Reproduce only the lines of the material below that start at the line containing "Интересный свитер /" and stop at the line containing "Повседневные брюки D&g". Keep both end lines.

◆ **Extracted information**
----

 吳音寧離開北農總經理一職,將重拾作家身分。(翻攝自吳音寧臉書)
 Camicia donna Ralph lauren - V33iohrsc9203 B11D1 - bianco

----

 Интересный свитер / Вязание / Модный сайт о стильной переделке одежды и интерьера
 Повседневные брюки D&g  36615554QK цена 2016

----

◆ **Exercise output**
 Интересный свитер / Вязание / Модный сайт о стильной переделке одежды и интерьера
 Повседневные брюки D&g  36615554QK цена 2016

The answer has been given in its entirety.